В книге «Woman and the Demon: The Life of a Victorian Myth» H. Ауэрбах утверждает, что в культуре раннего модернизма именно театр (актерство) был той сферой искусства, в которой женщинам можно было осуществить себя. Далее она показывает, что это имело как положительное, так и отрицательное значение для женщин. С одной стороны, профессия актрисы считалась не творческой, а подражательной. С другой стороны, эта профессия тесно связана с творческим миром. К тому же статус актера (и актрисы) повысился вместе с развитием театральной эстетики и нового театрального искусства. В русском символизме особенно: жизнетворческая концепция наполнила актерство новым, положительным содержанием, подчеркивая активность «актера» своей жизни. Далее, профессия актрисы открывала женщинам поле деятельности и возможность идентификации вне дома и семьи. Ауэрбах обращает внимание на то, что через театр и актерство женщина могла устанавливать связь с публичной сферой жизни и конструировать общественную / публичную идентичность (public identity), которая, однако, одновременно ассоциировалась также с идентичностью публичной женщины (Auerbach 1982, 205–206). Несомненно, театр и профессия актрисы предлагали возможности для самотрансформации и в культуре русского символизма. Принимая во внимание возросший интерес символистов к обновлению театрального искусства (Блок, Иванов, Мейерхольд) и участие многих актрис в социальной жизни символизма, становится ясно, сколь важное положение занимал театр в символистском искусстве и какую значительную роль в нем играли актрисы[138]

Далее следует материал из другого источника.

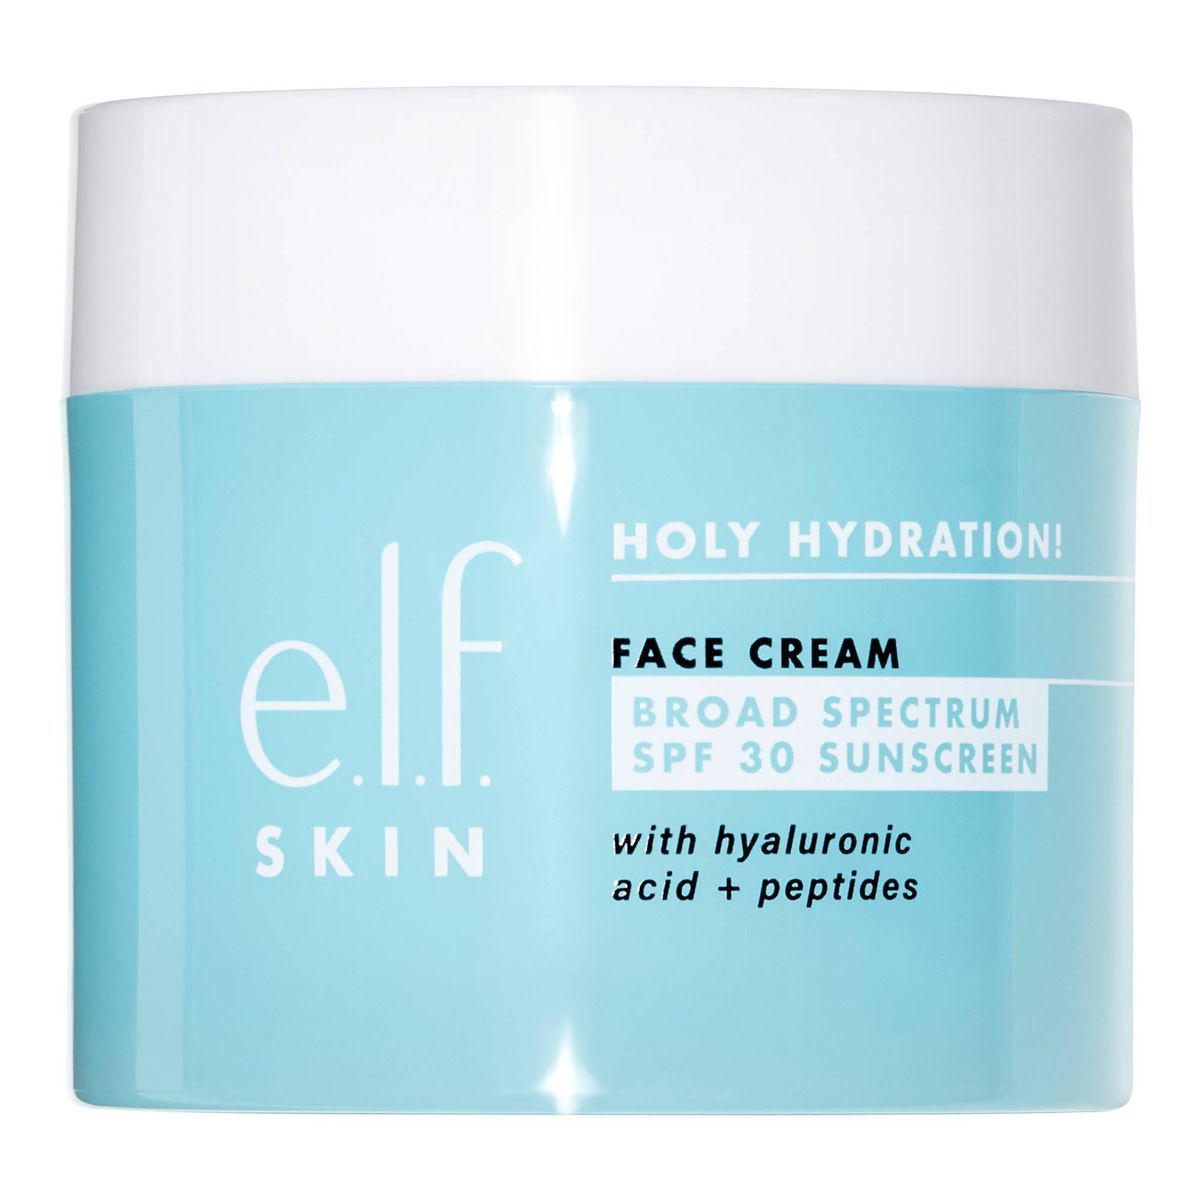 e.l.f. Holy Hydration! Broad Spectrum Sunscreen Face Cream SPF 30 - 1.76oz | Target

.Сравнение жизни с театром вступает в противоречие с детерминистскими и эссенциалистскими взглядами на пол и гендер. Напротив, жизнетворчество (в смысле эстетизации и в смысле «трансфигурации» жизни) имплицитно содержит антиэссенциалистскую мысль. Проецируя эту идею на самопонимание и поведение женщин символистского окружения, можно прийти к выводу, что пусть на теоретическом уровне, но жизнетворчество способствует освобождению женщин от биологической детерминации. Тем самым концепция жизнетворчества обнаруживает, что женщина, подобно мужчине, может быть творчески активной и оригинальной личностью. Другими словами, на теоретическом уровне идеология жизнетворчества предлагает женщинам и мужчинам равные возможности для преобразования своей жизни. Соотнесенность женщин с актрисами дает им даже своеобразное превосходство в этом отношении. Таким образом, символистская практика жизнетворчества и его культурный и философский контекст выявляют черты, противоречащие самой доктрине символизма в трактовке гендера, пола и существования женщин в «недуховной», «нетворческой» и в «неличностной» сфере природы.

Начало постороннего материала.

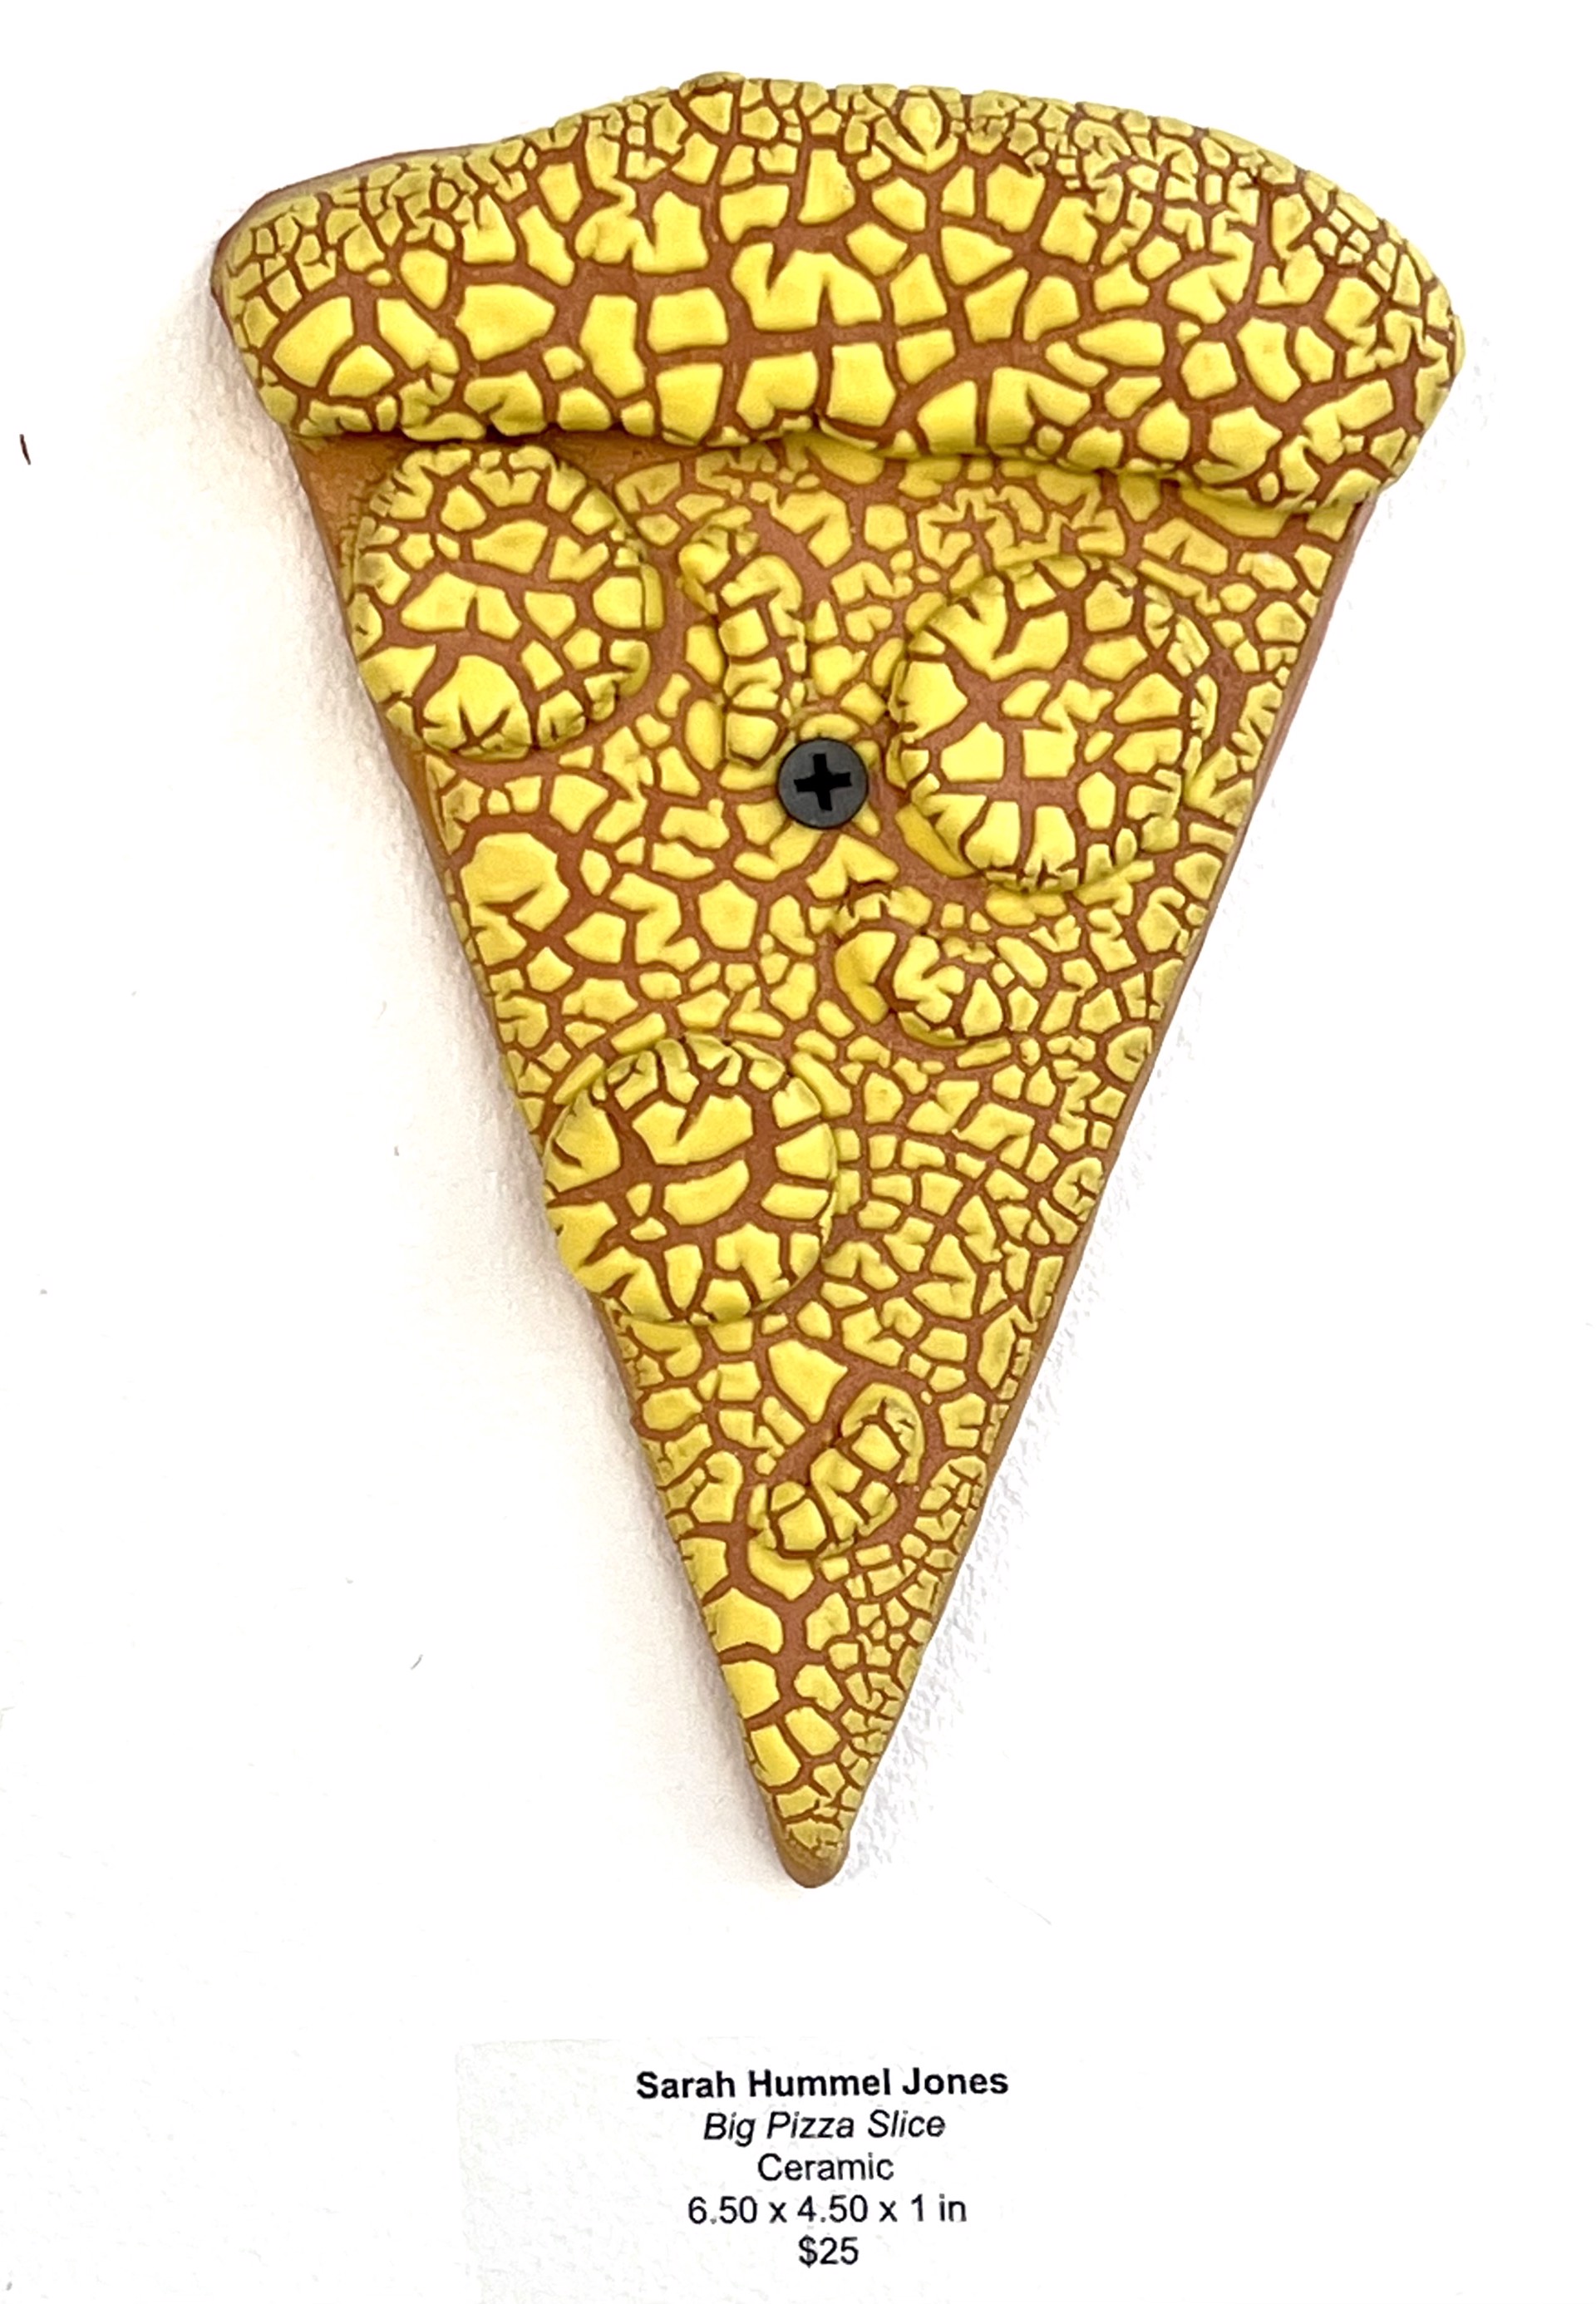 Big Pizza Slice by Sarah Hummel Jones

Миметический кризис модернизма, ставший основой жизнетворчества, оказывается тем самым сущностью той «женской стратегии», которую феминистские теоретики называют мимесисом, миметизмом или мимикрией (mimetisme, mime, mimicry). Разные теоретики приписывают феминистскому мимесису (мимикрии) различные значения. Самым известным теоретиком женского миметического поведения является, пожалуй, Л. Иригарэ, которая использует понятие мимесиса для обозначения «женской» имитации, игровой стратегии поведения в патриархатной системе. В ее исследованиях мимесис проявляет конструктивность того гендерного порядка, который принято воспринимать как некую эссенциалистскую систему. Иригарэ считает, что миметическая стратегия поведения охраняет женщину от ассимиляции в «фаллоцентричном порядке», т. е. способствует занятию субъектной позиции как женщины (см., например: Хи 1995, 80). Другие теоретики феминизма и постколониализма также используют понятие мимесиса (мимикрии). В употреблении X. Баба (Horni Bhabha) и Дж. Батлер (Judith Butler) мимикрия (мимесис) является осознанной и субверсивной деятельностью, а К. Барнет (Claudia Barnett) считает ее неосознанным поведением[139]

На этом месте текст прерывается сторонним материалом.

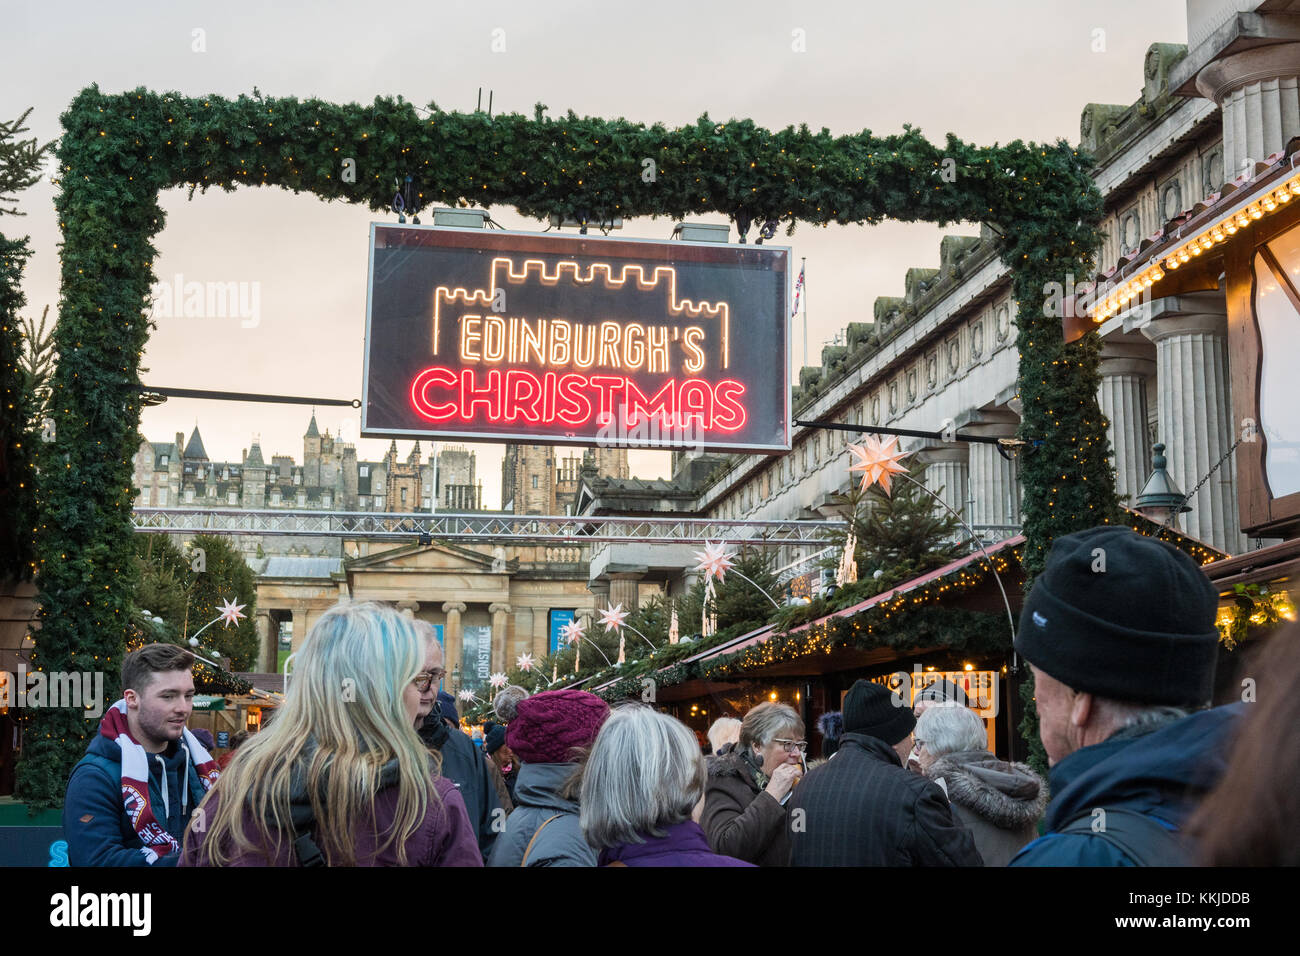 Edinburgh's Christmas 2017 - people entering the christmas market in Edinburgh, Scotland, UK Stock Photo

. Неслучайно некоторые исследователи указывают, например, на Иригарэ в работах, посвященных поведению и авторским стратегиям женщин модернизма. К взаимосвязи модернистского кризиса миметизма и миметической стратегии в данной главе я вернусь в связи с обсуждением жизнетворчества Гиппиус. Здесь хочу лишь подчеркнуть, что исполнение ролей в символистском жизнетворчестве воплощает те идеи, которые заключены в феминистской интерпретации понятия миметического кризиса. В то же время необходимо помнить о том, что в миметическом кризисе модернизма есть элементы, препятствующие становлению женского творческого субъекта. Очевидным можно считать родство феминистского понятия мимесиса (мимикрии) и модернистского миметического кризиса. Несомненна и связь мимесиса или мимикрии с театром[140], так как миметический кризис модернистского искусства и его связь с масками и маскарадом[141] находят отражение в женских (субверсивных) стратегиях, связанных с театральностью и актерством. Ниже речь пойдет о том, какие роли авторам-женщинам символизма определила история литературы, а какие маски они выбрали сами.